"""

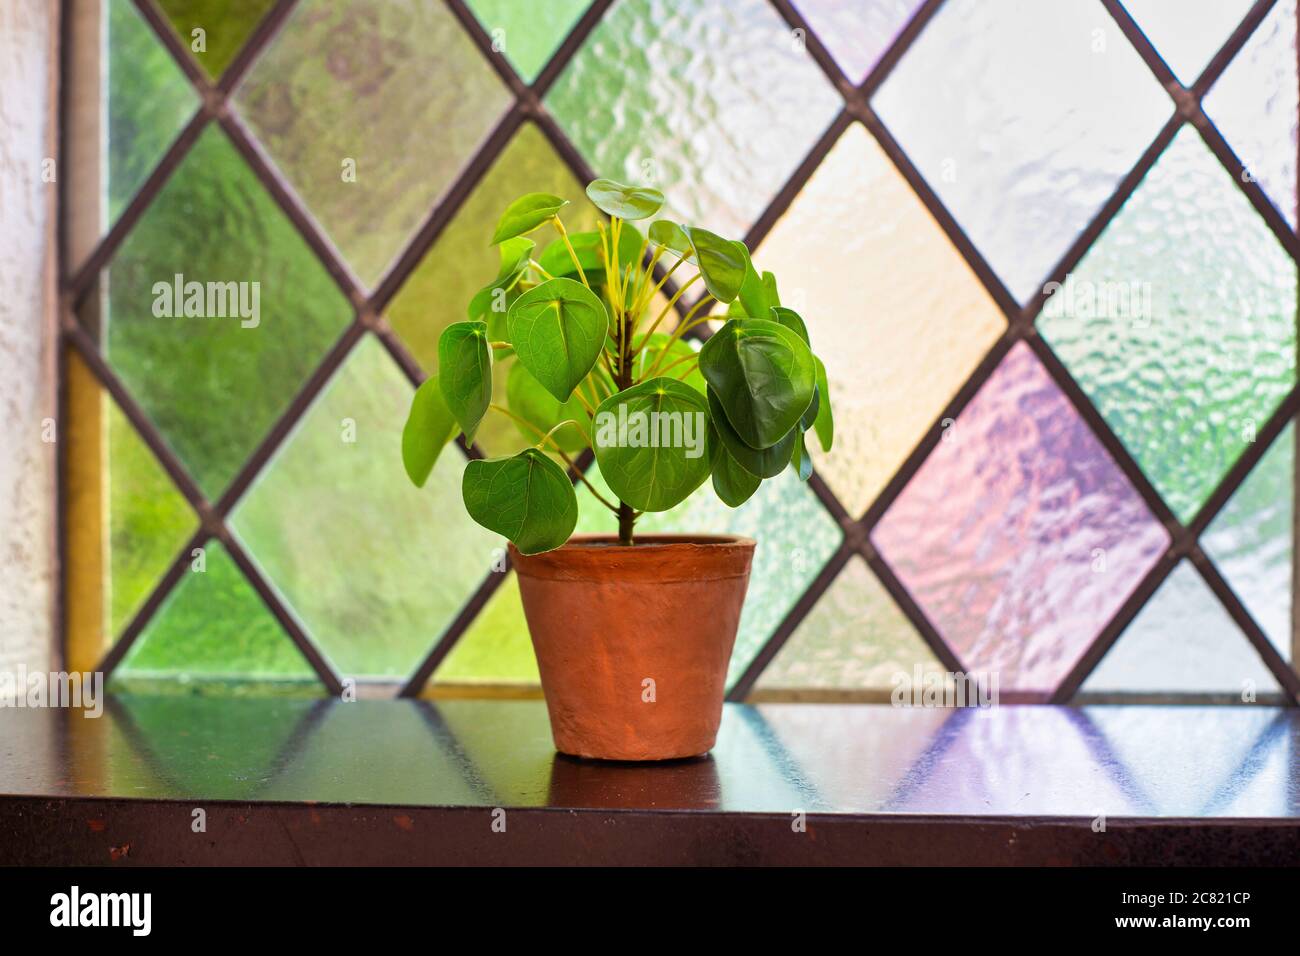 Pilea peperomioides, money pianta o pancake pianta Casa moderna interno su davanzale, finestra con vetro colorato, design retrò Foto Stock
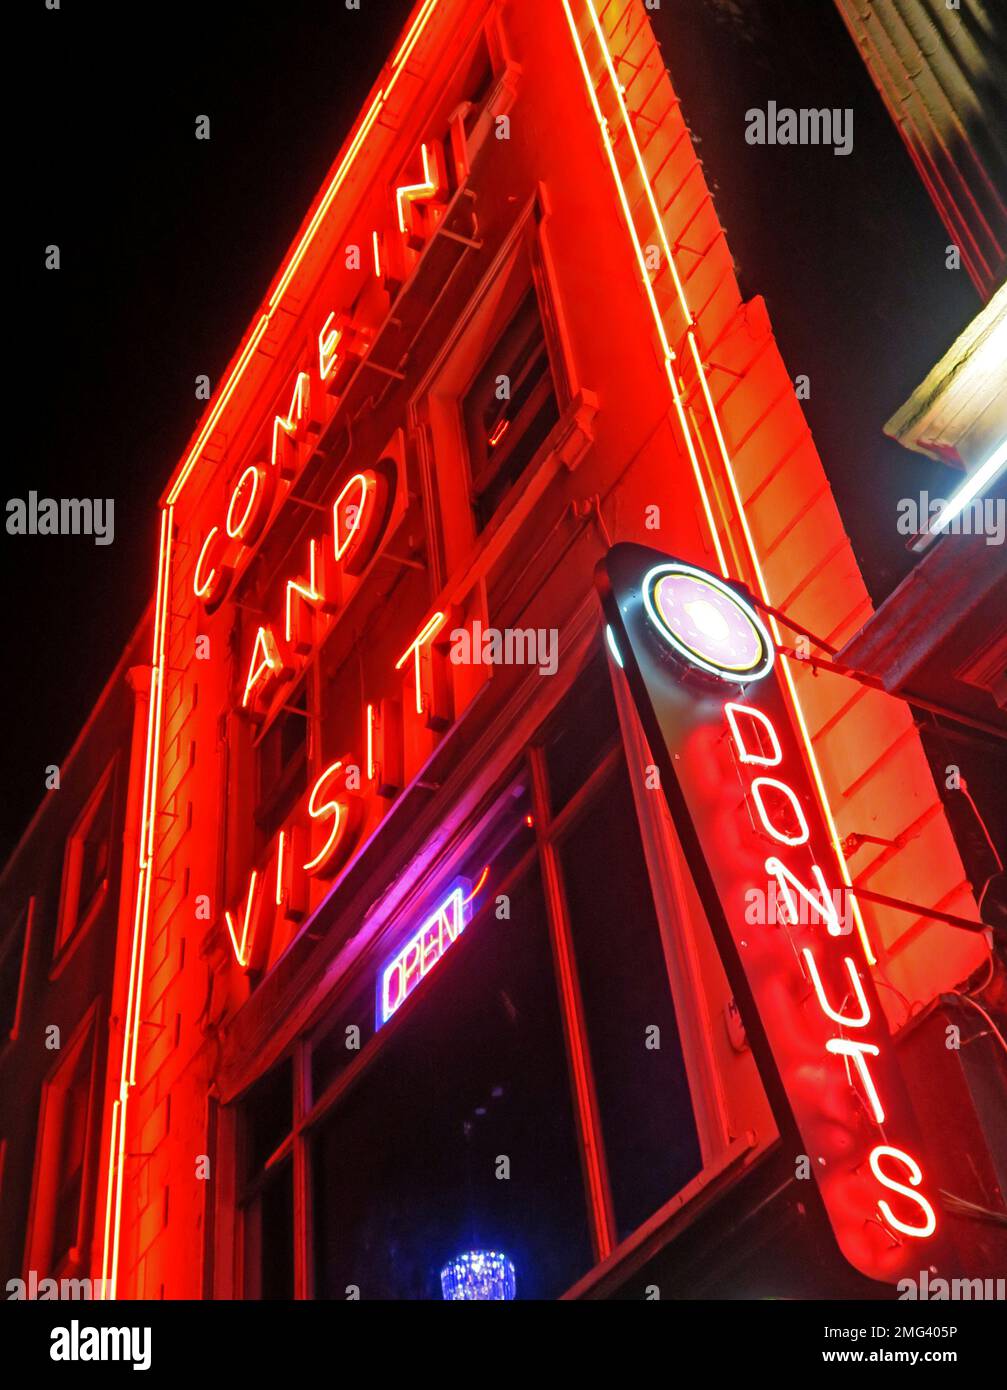 Donuts, kommen und besuchen, rotes Neonschild bei Nacht, Dublin, Irland Stockfoto
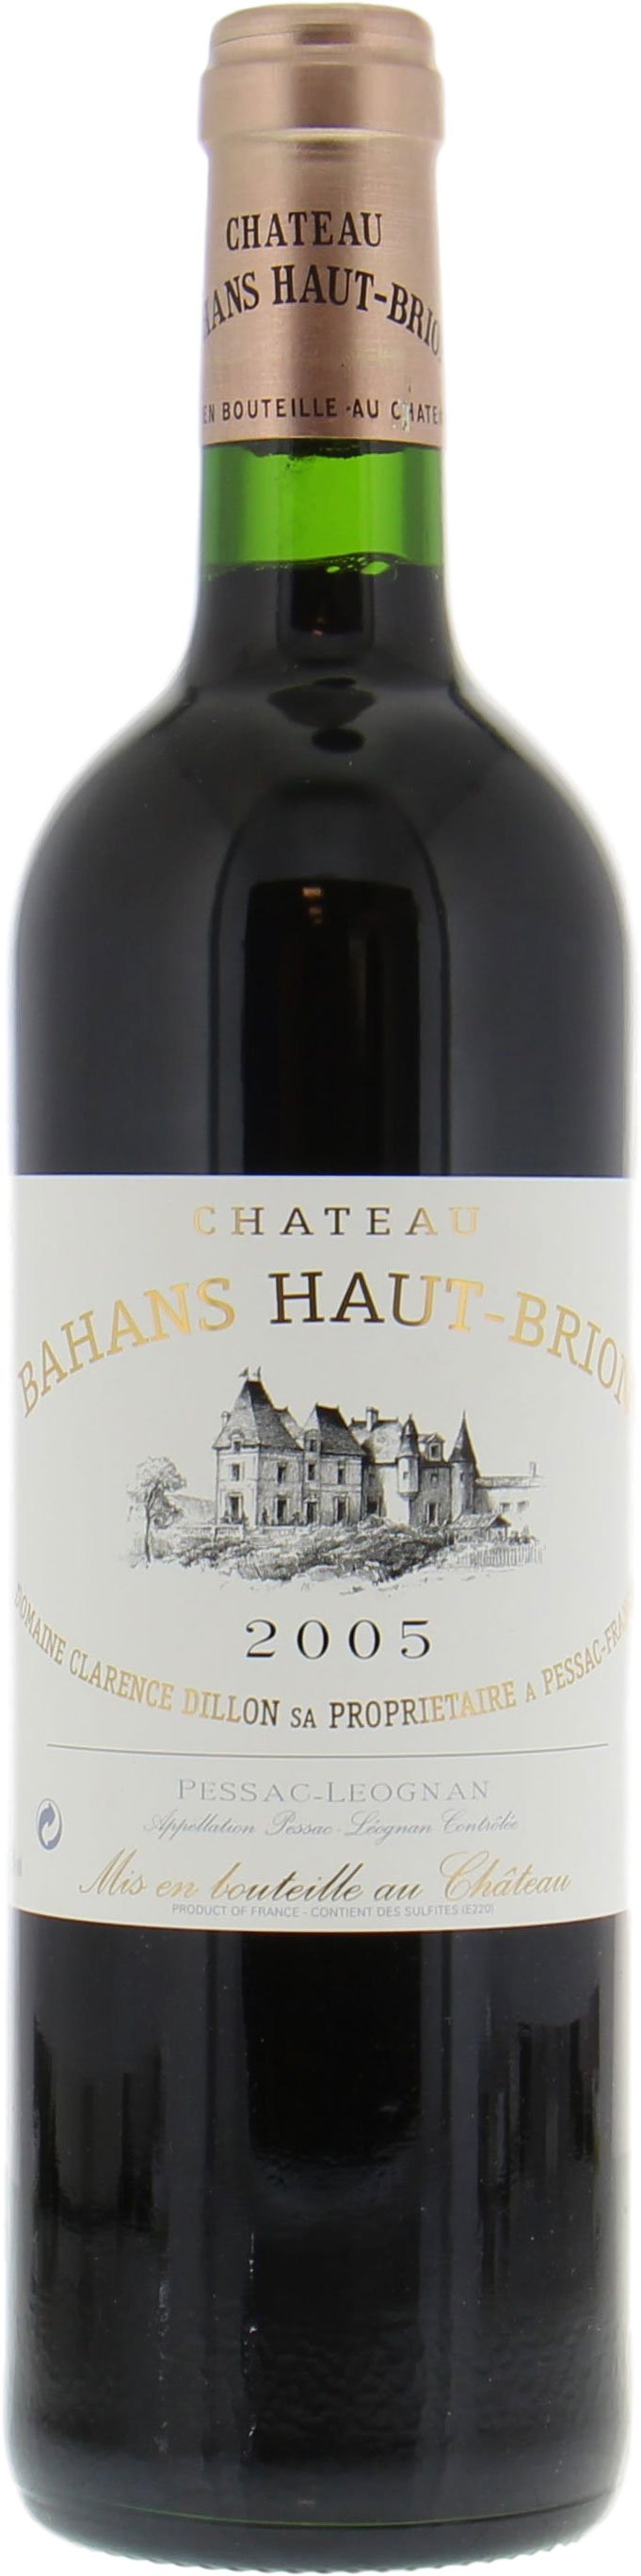 Chateau Haut Brion - Bahans Haut Brion 2005
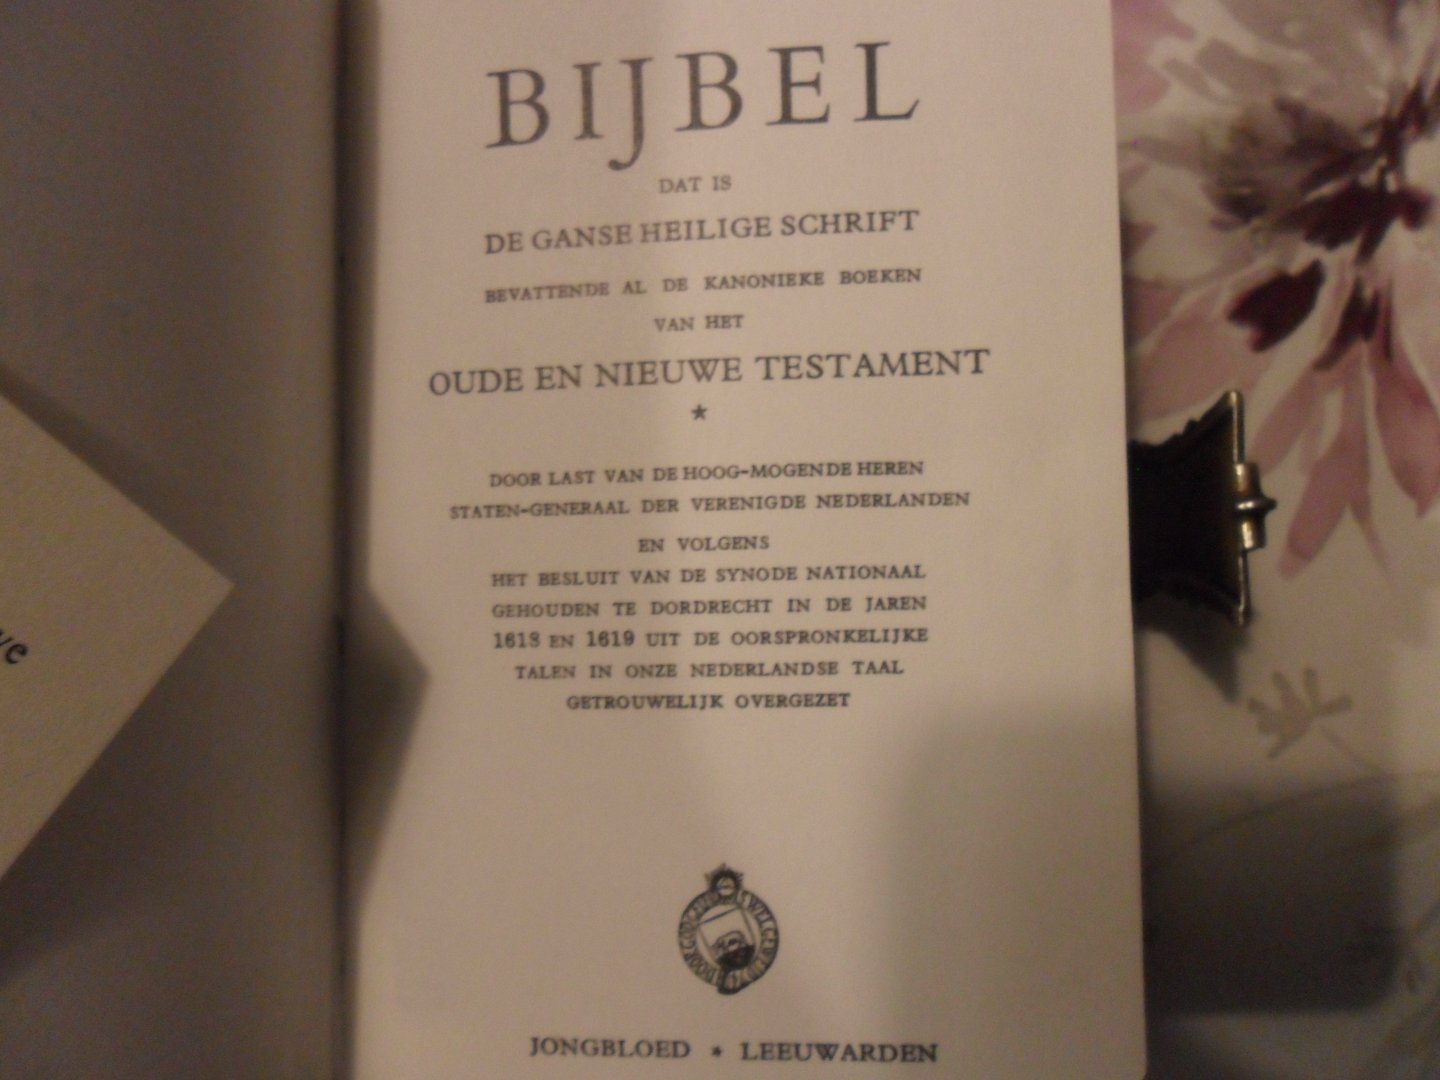 Door last van de Hoog-mogende heren staten-generaal - Bijbel met zilveren slotje
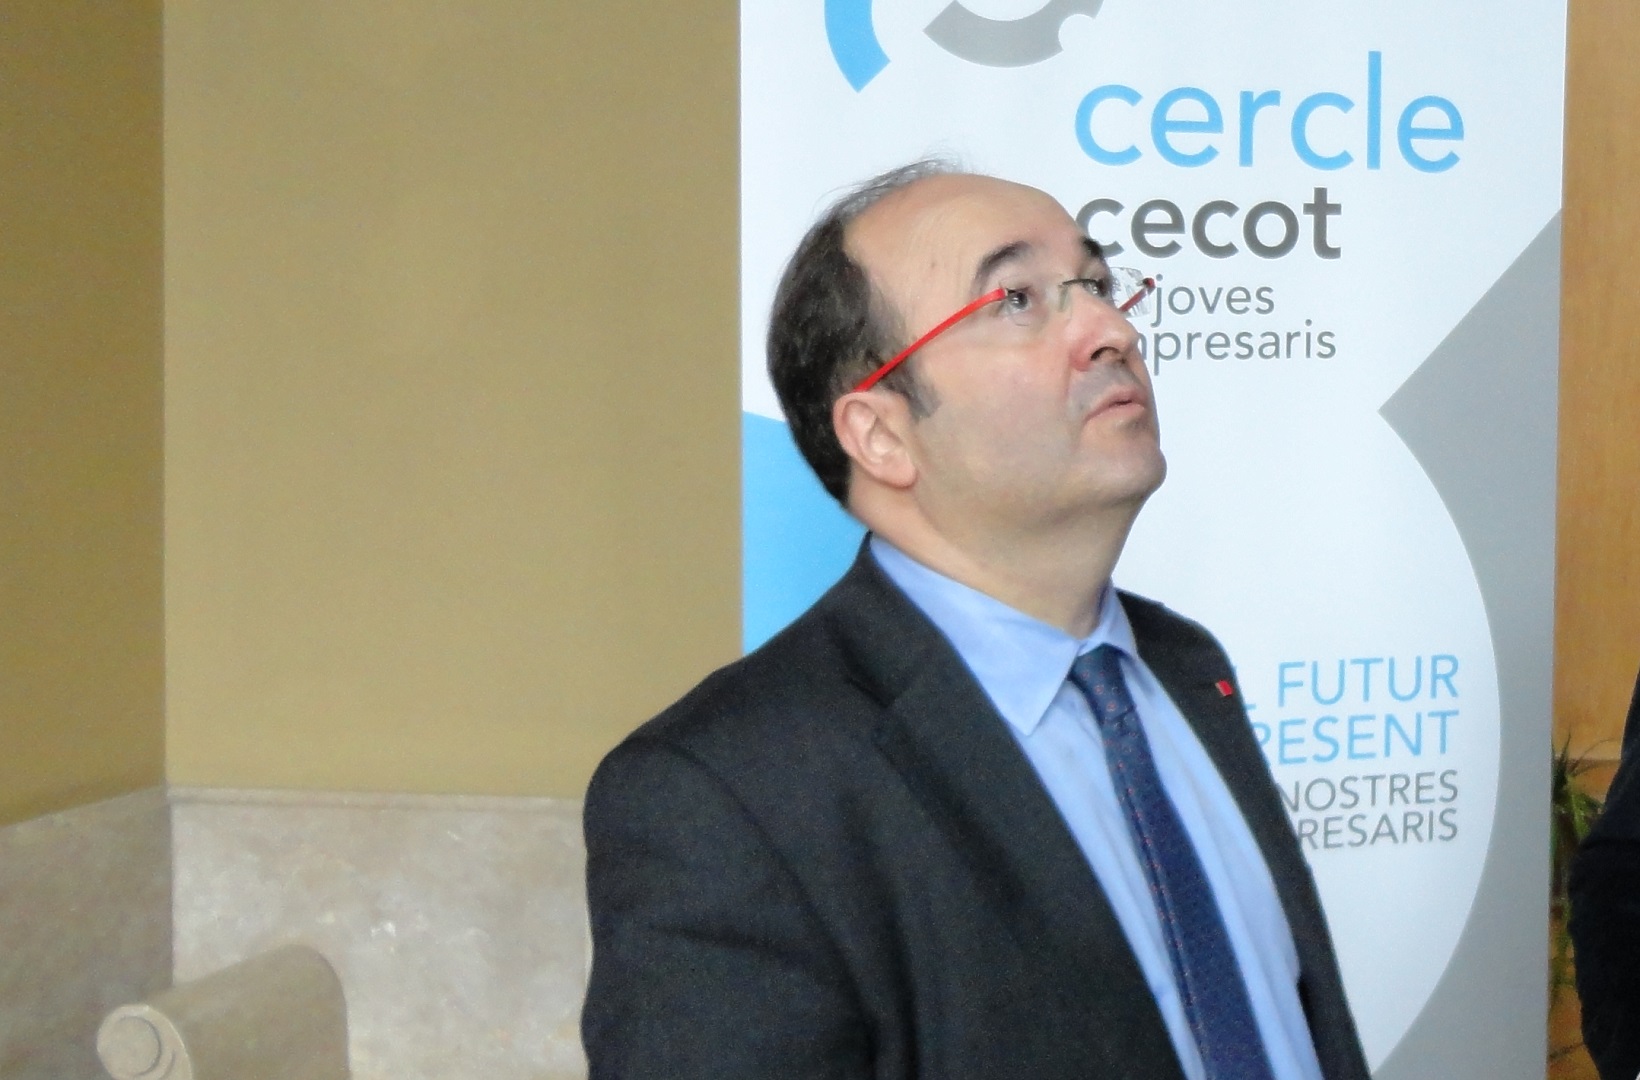 La Cecot felicita Miquel Iceta pel seu nomenament al capdavant del Ministeri de Política Territorial i espera que ajudi a revertir la infrainversió a Catalunya i acceleri el traspàs de competències pendents

"""

■ **Exercise details**:
Give the lines again exactly, beginning with the first line of the records above and ending with the line that contains "Chateau Haut Brion - Bahans Haut Brion 2005", and include no pictures.

■ **Your solution**:
 Pilea peperomioides, money pianta o pancake pianta Casa moderna interno su davanzale, finestra con vetro colorato, design retrò Foto Stock
 Donuts, kommen und besuchen, rotes Neonschild bei Nacht, Dublin, Irland Stockfoto
 Chateau Haut Brion - Bahans Haut Brion 2005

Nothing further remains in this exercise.